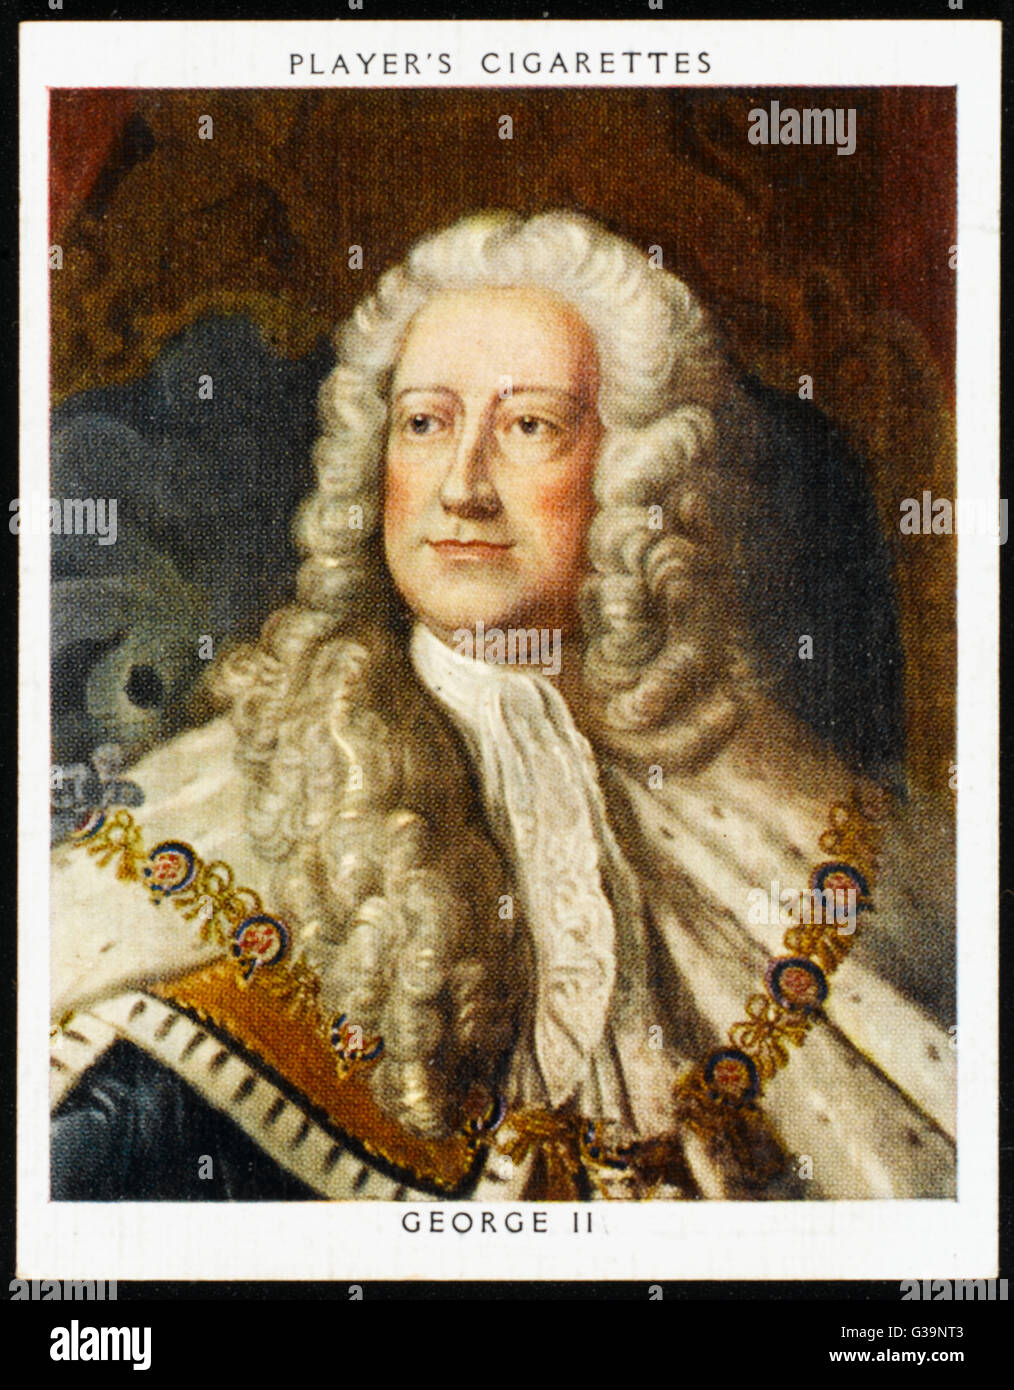 Jorge II, REY DE INGLATERRA reinó 1727 - 1760 Fecha: 1683 - 1760 Foto de stock
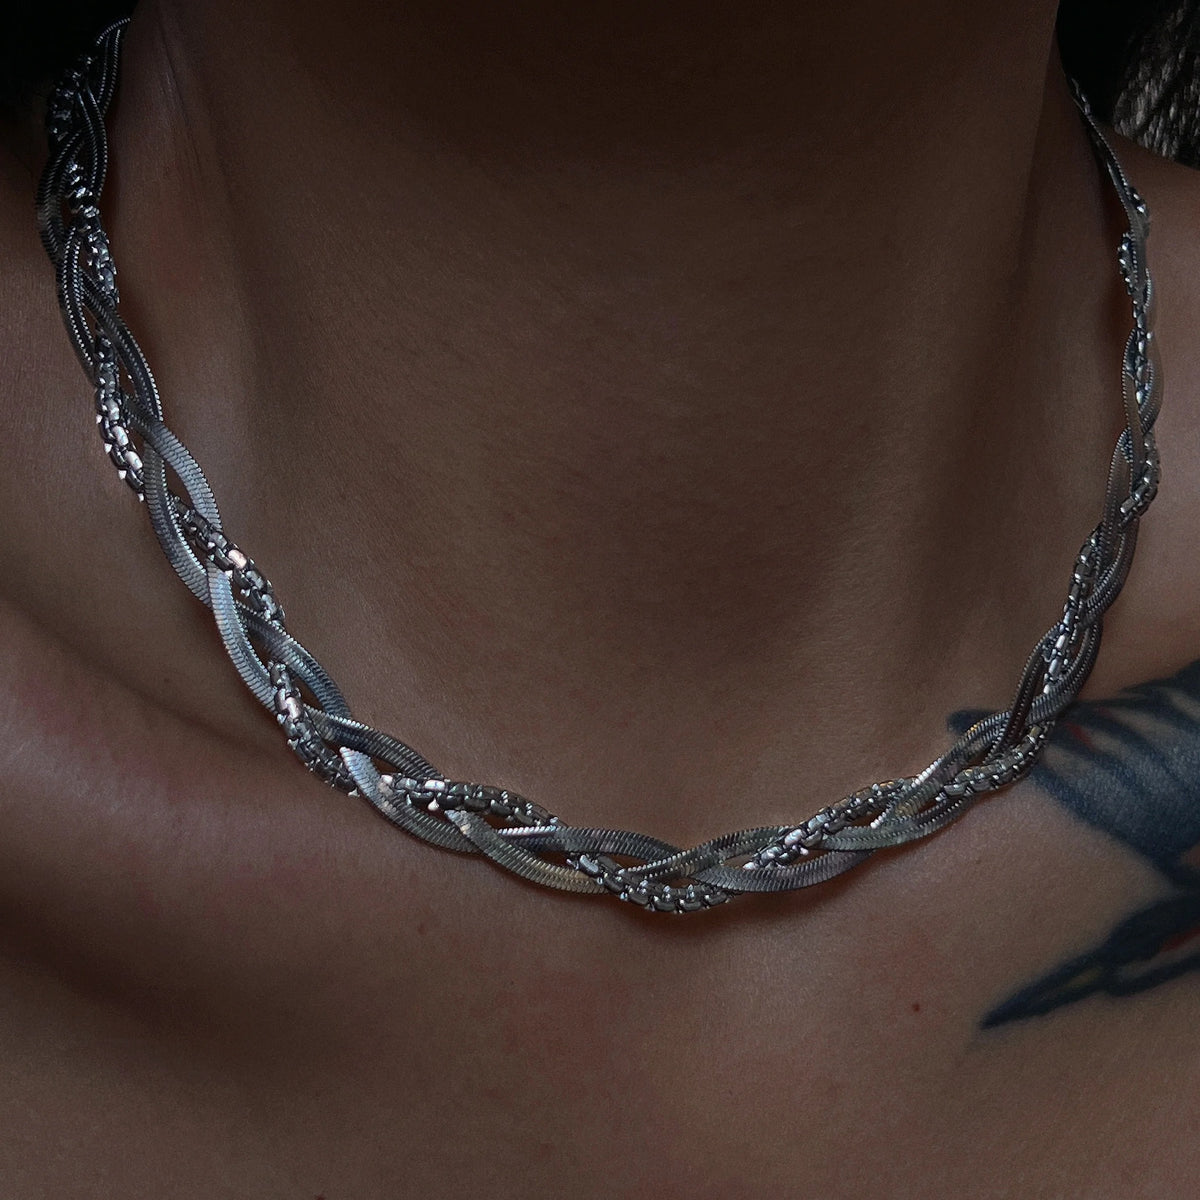 Braided chain
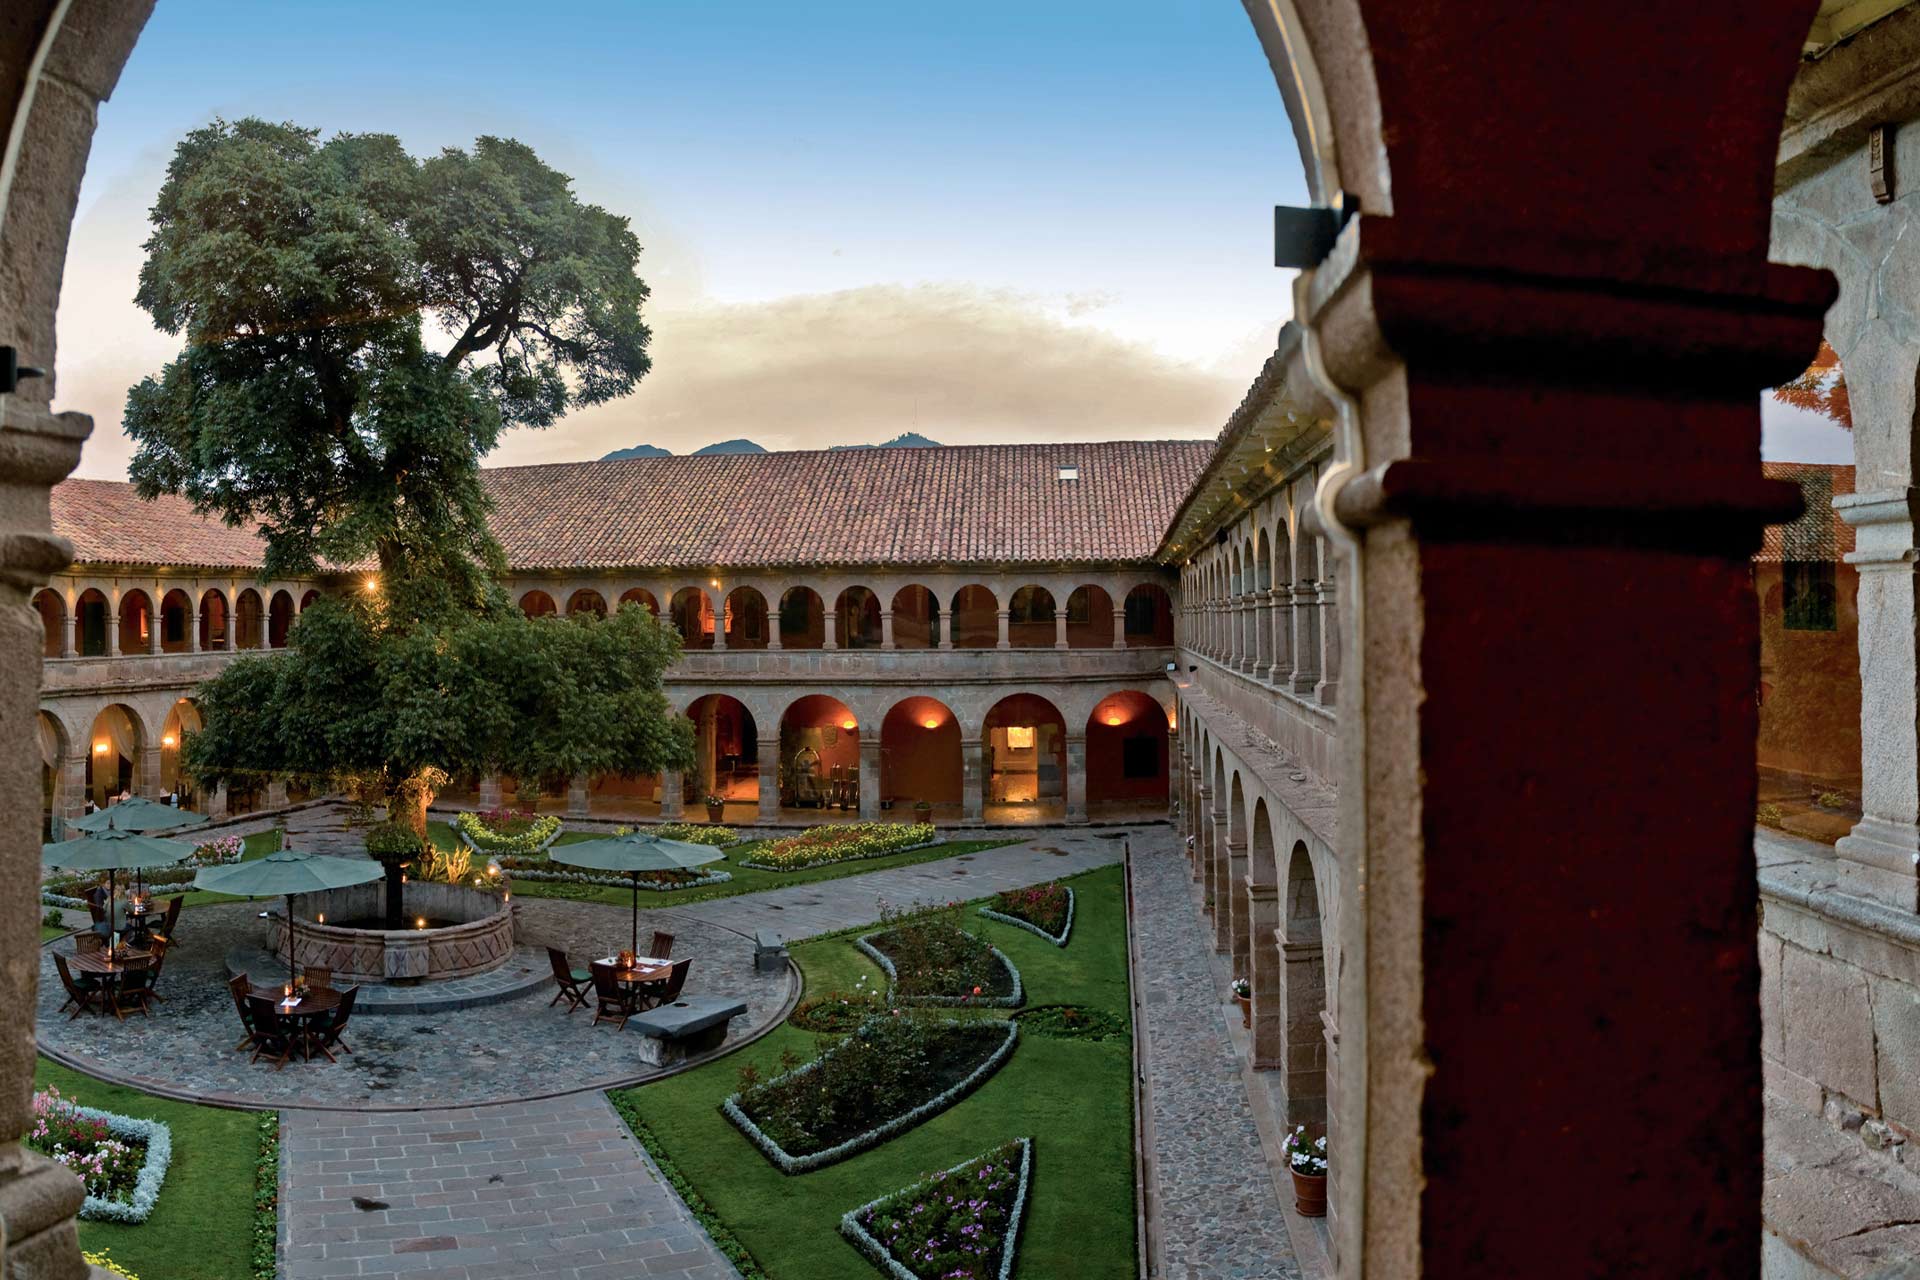 Monasterio, A Belmond Hotel in Cusco, Peru

▶ _Instructions to follow_: Repeat the listing above verbatim, but exclude the pictures it contains.

▶ _Exercise result_:
 Jorge II, REY DE INGLATERRA reinó 1727 - 1760 Fecha: 1683 - 1760 Foto de stock
 Braided chain
 Monasterio, A Belmond Hotel in Cusco, Peru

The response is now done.